◆ Assigned task
Everything from the line containing "Stuart Weitzman Stuart" down to the last line below should be set down exactly, and only that, without the pictures.

+++ The data

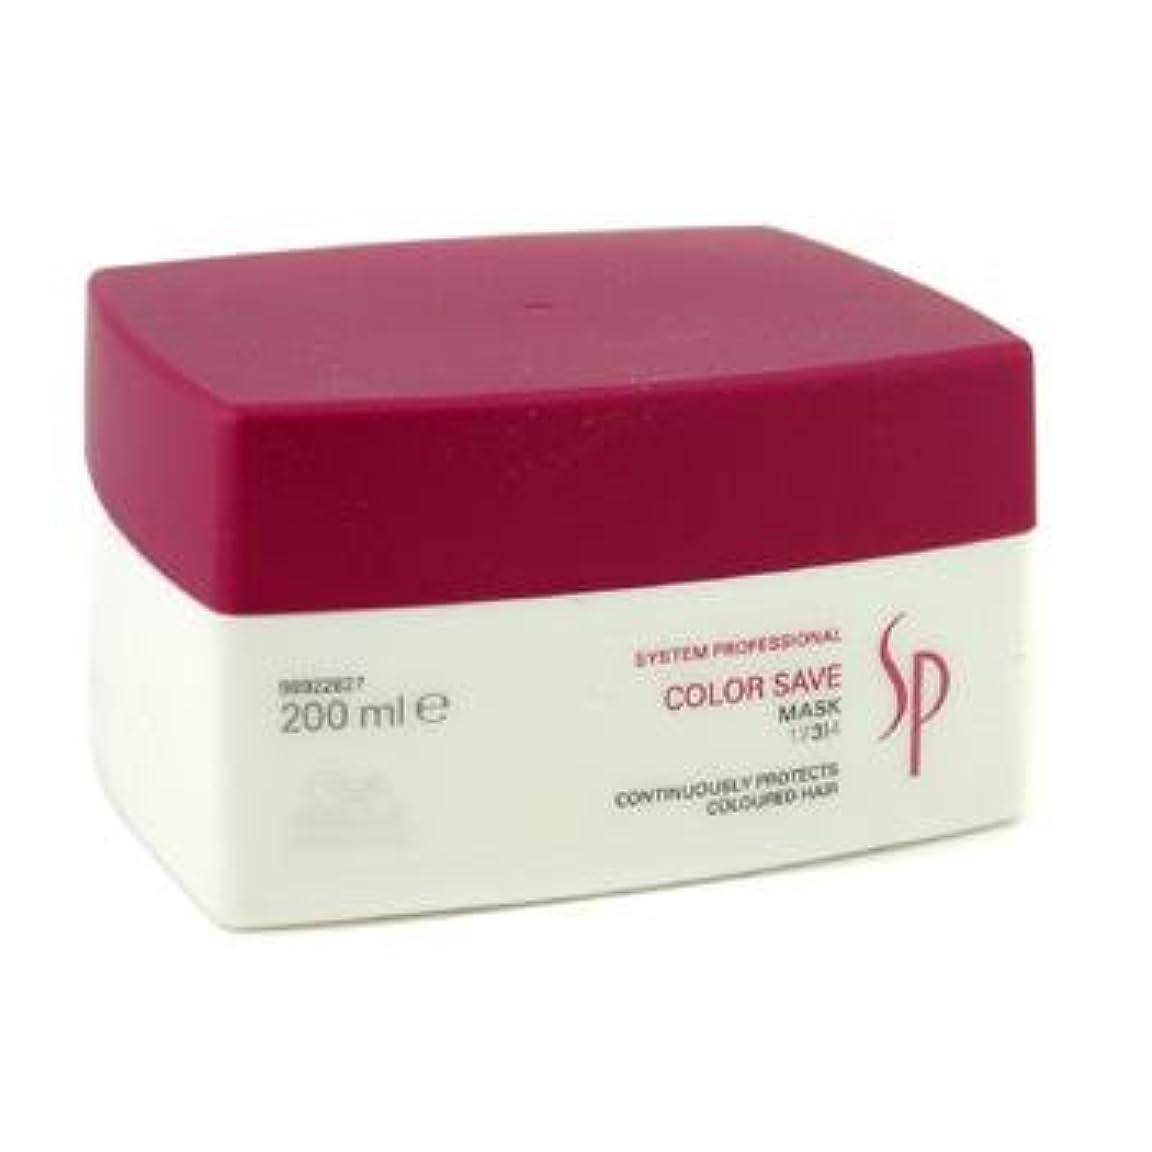 ディスパッチペレグリネーションうれしい[Wella] SP Color Save Mask ( For Coloured Hair ) 200ml/6.67oz[並行輸入品] [並行輸入品]
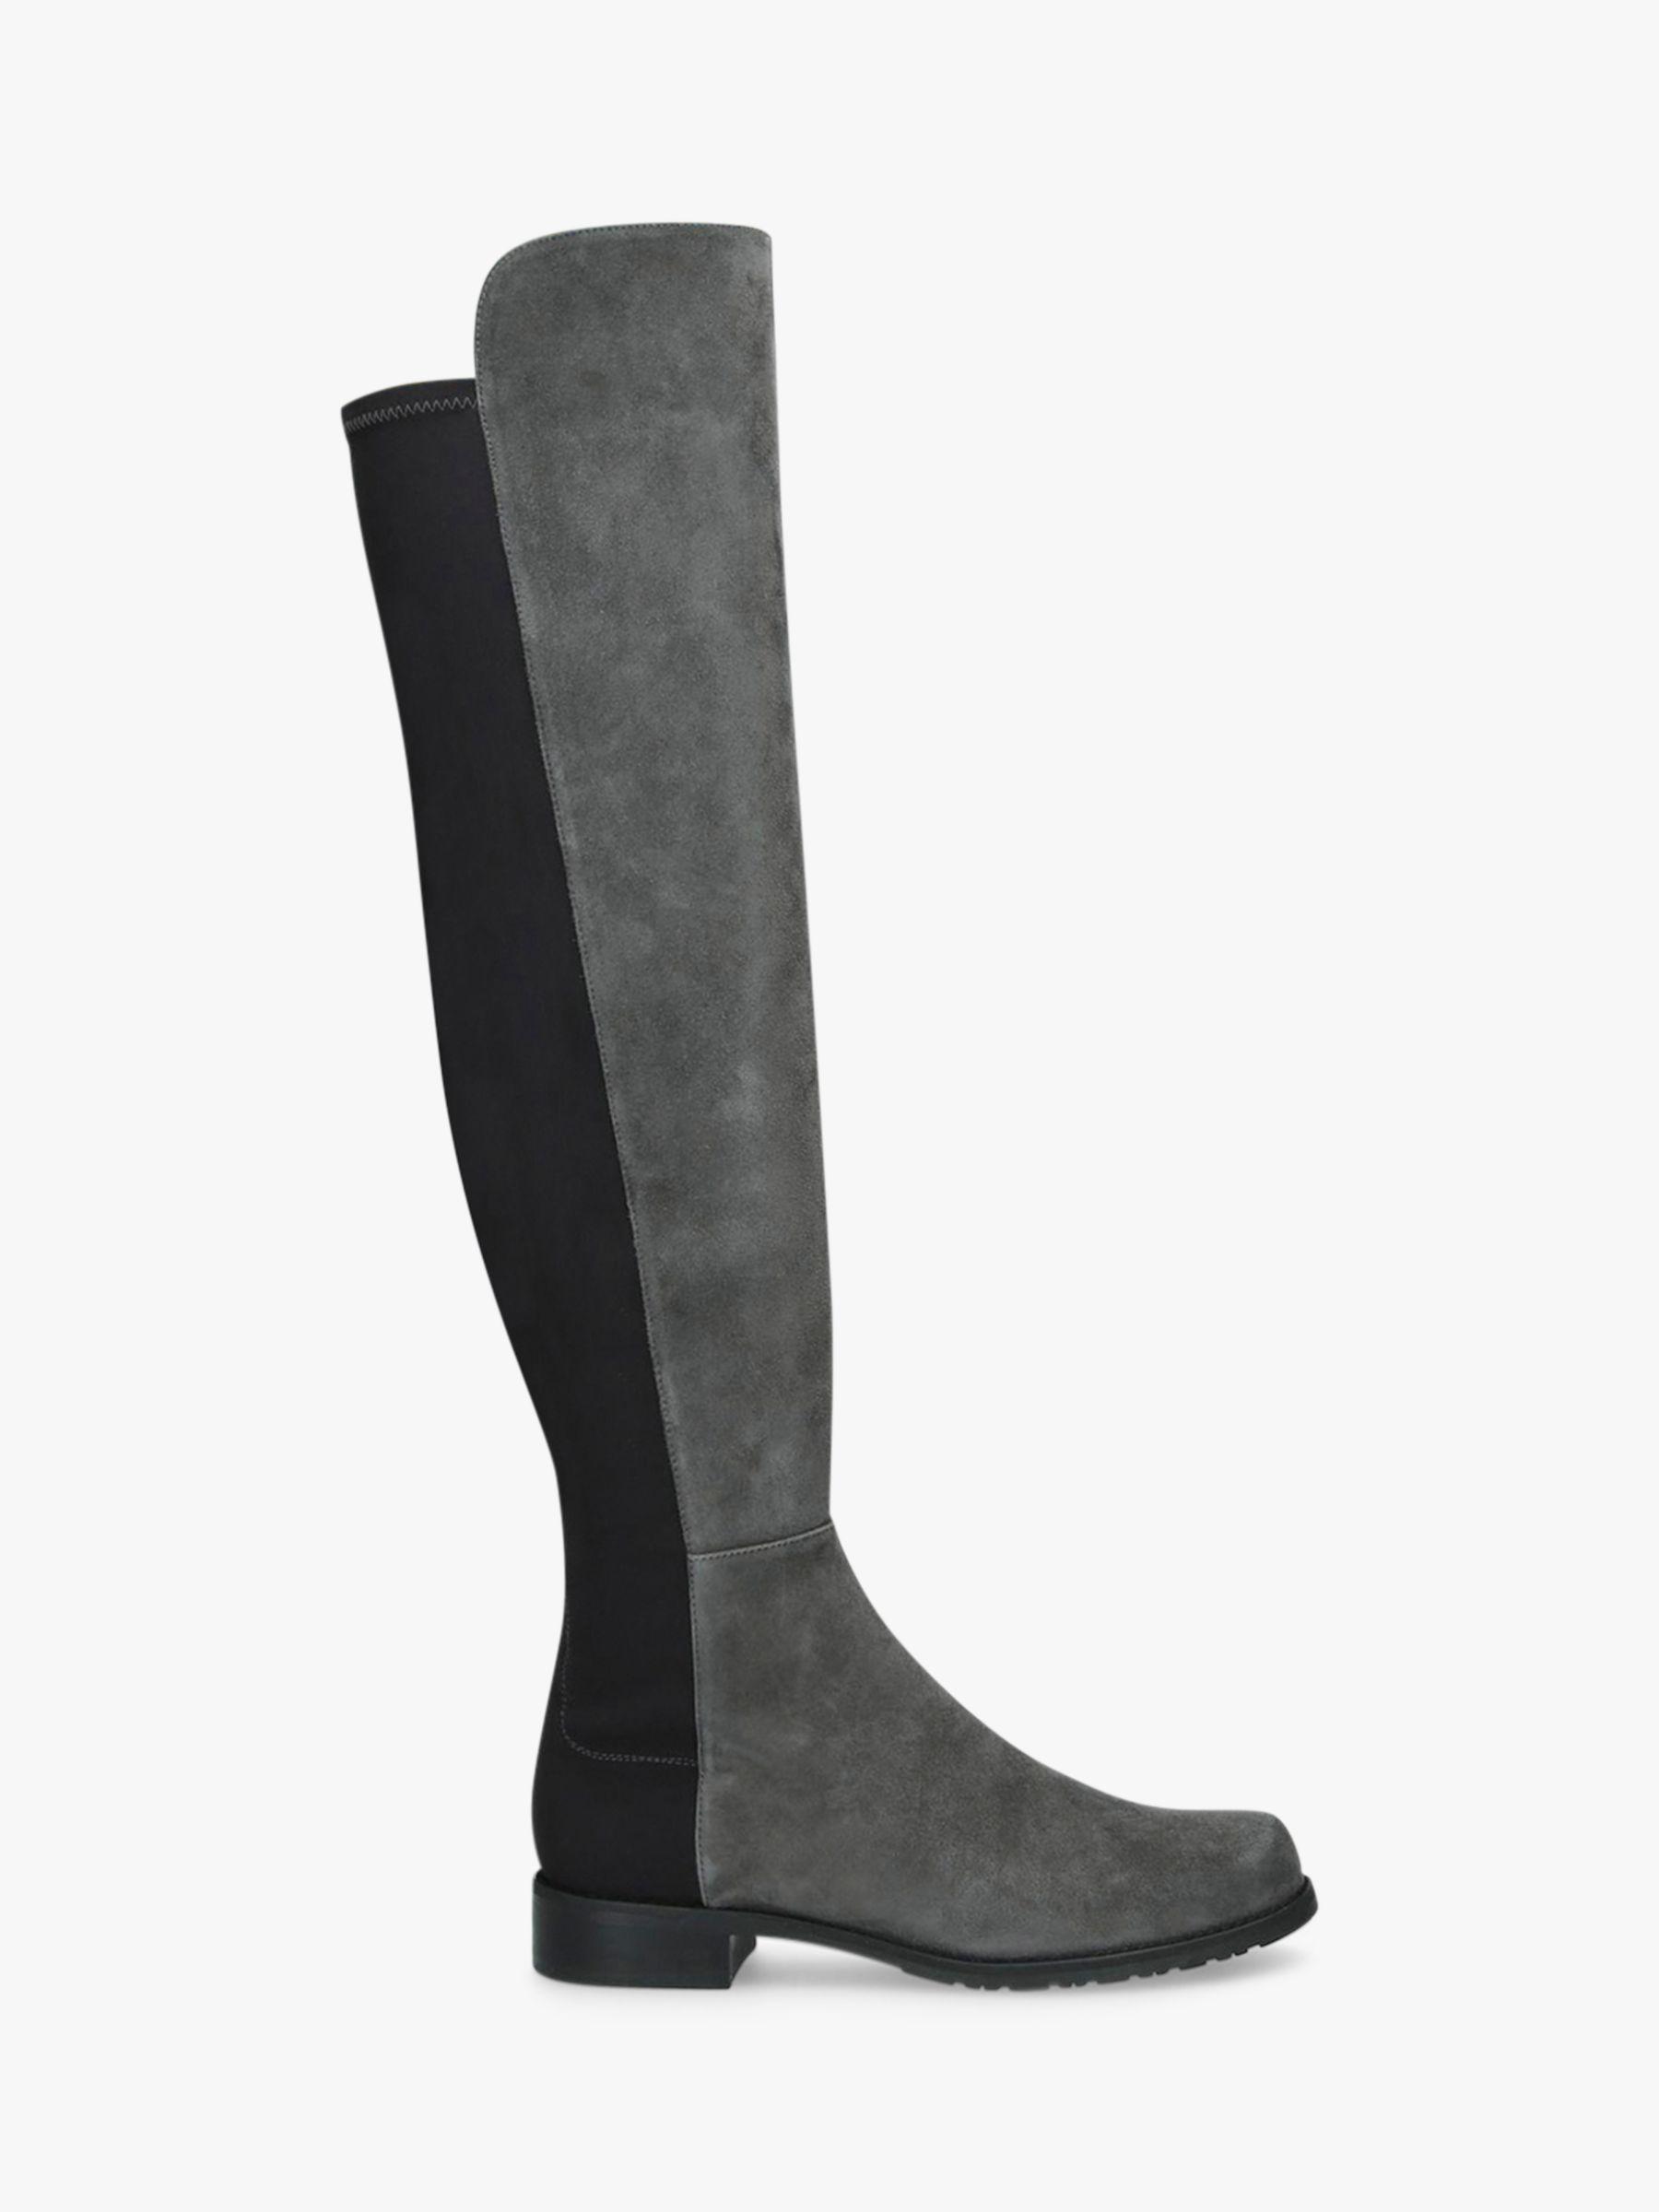 Stuart Weitzman Stuart Weitzman 50:50 Block Heel Knee High Boots
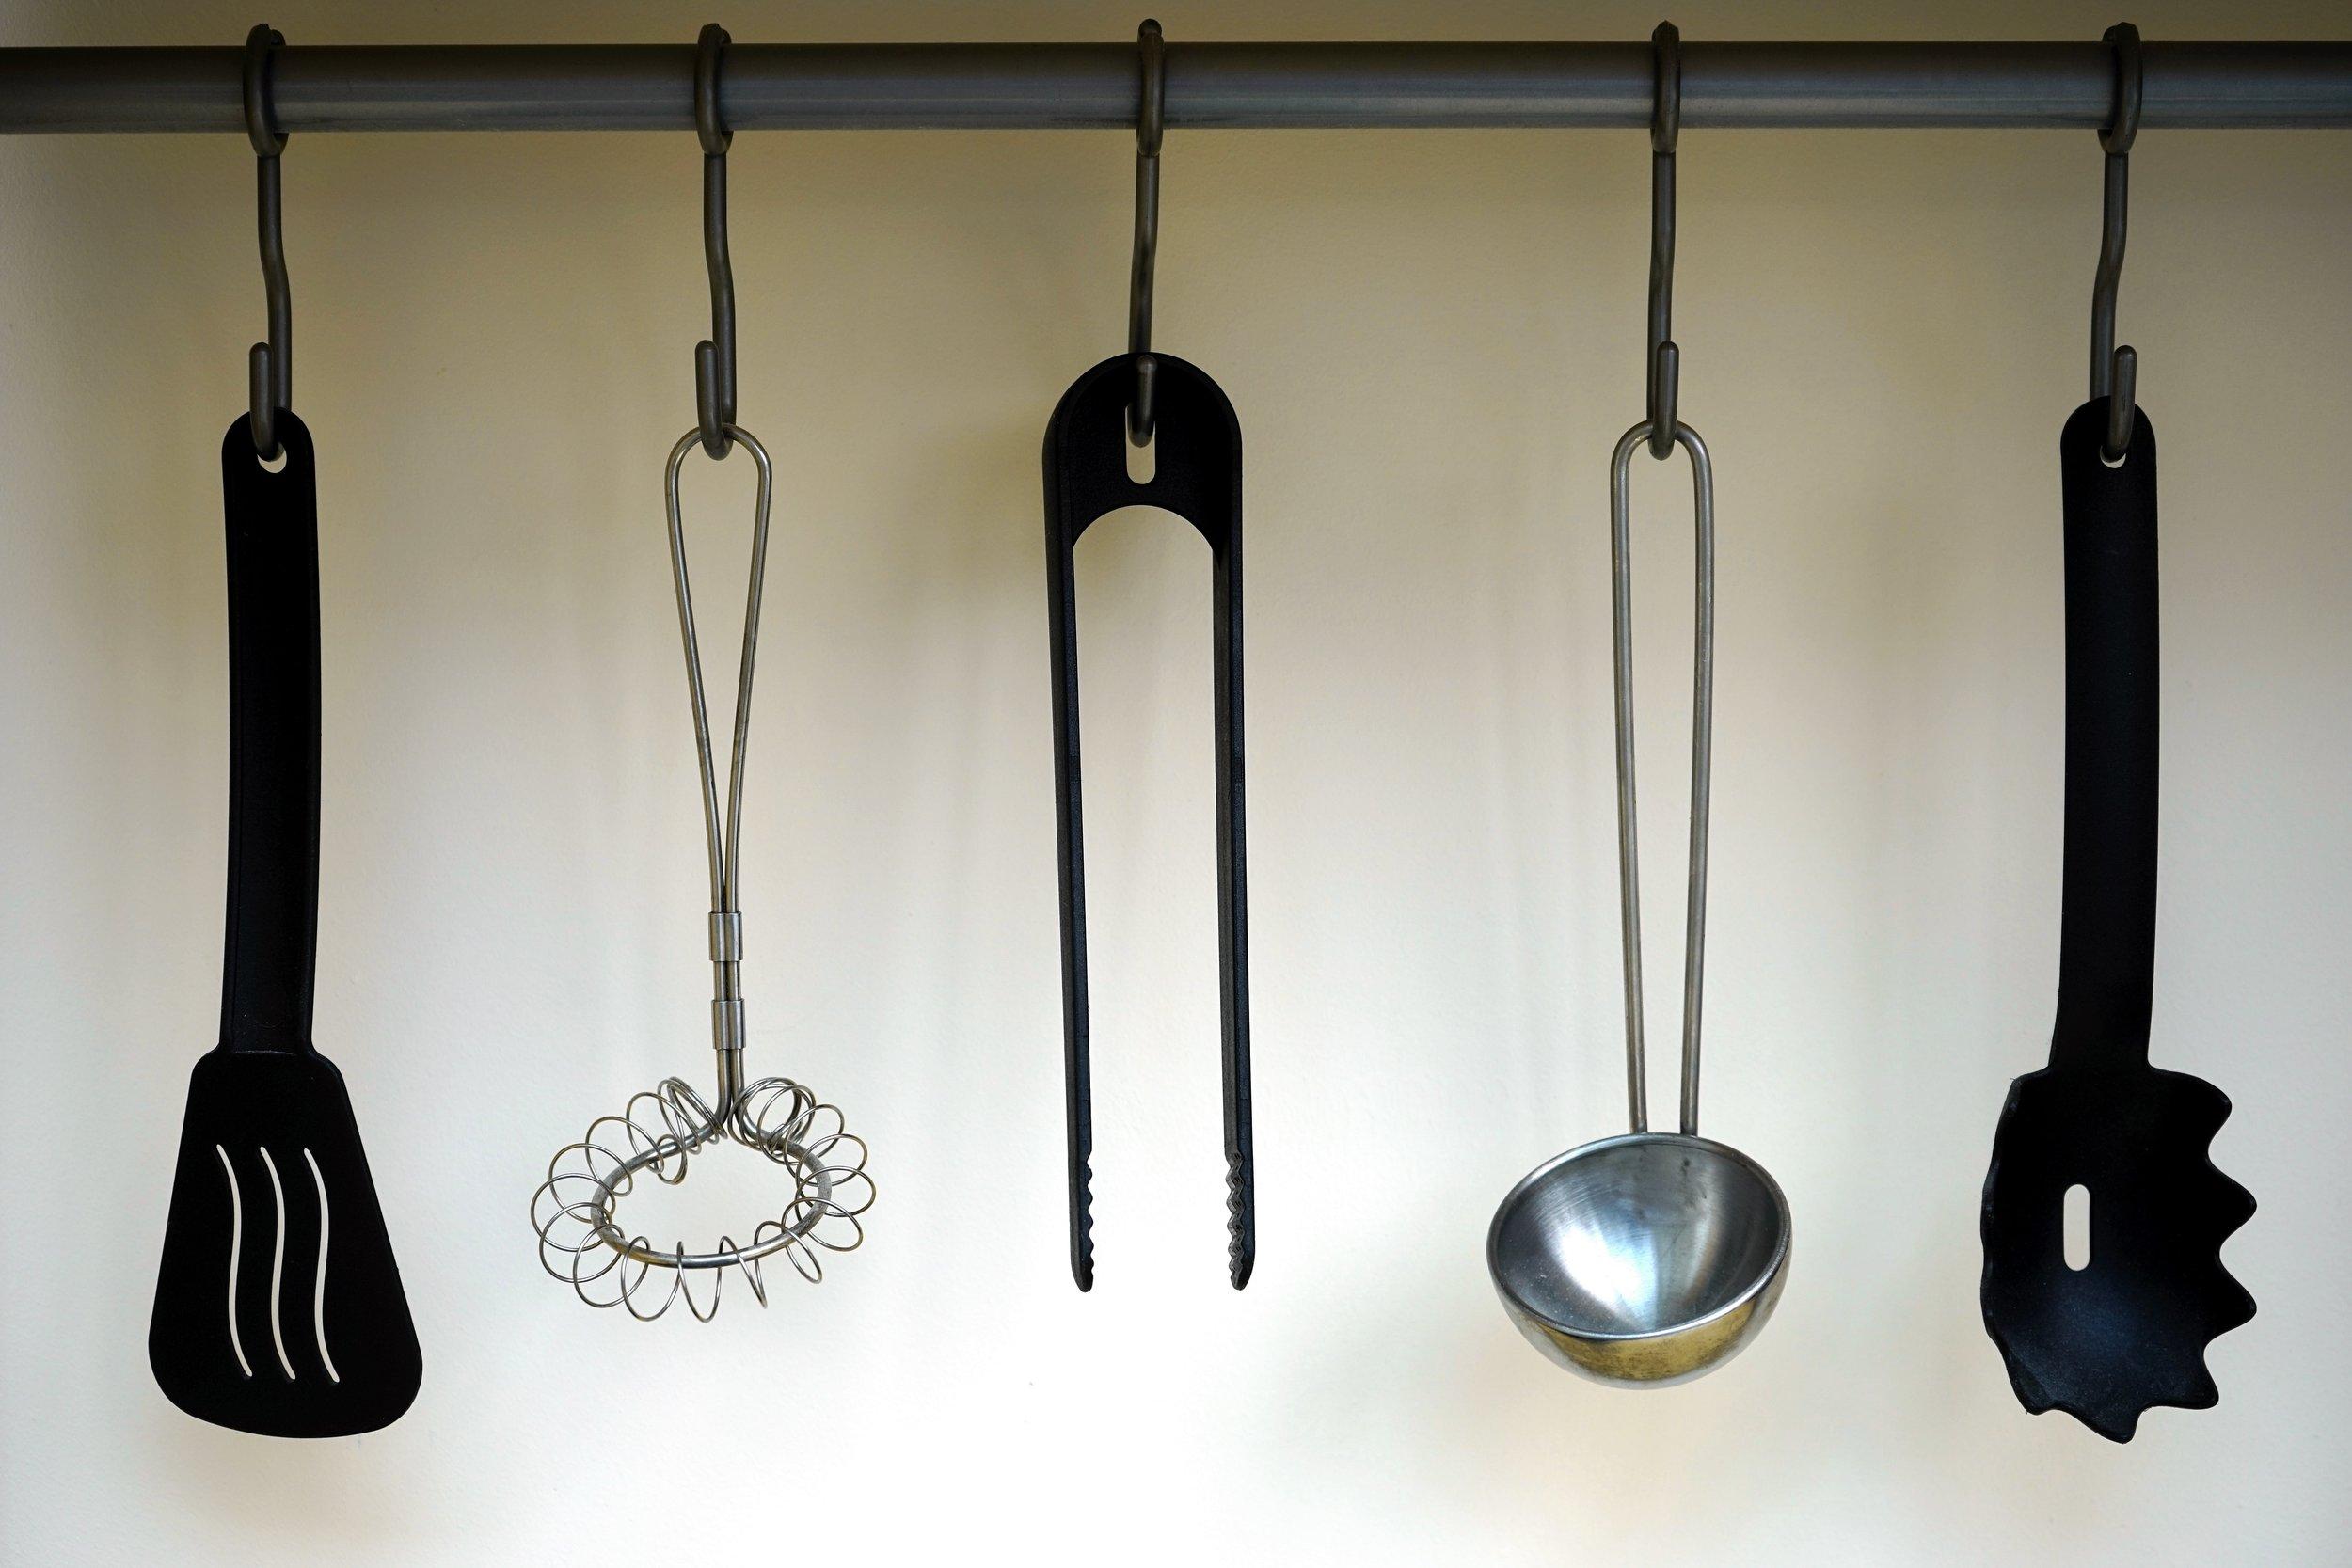 hanging-kitchen-kitchen-utensils-211760.jpg

++++++

◆ Solution
 Stuart Weitzman Stuart Weitzman 50:50 Block Heel Knee High Boots
 hanging-kitchen-kitchen-utensils-211760.jpg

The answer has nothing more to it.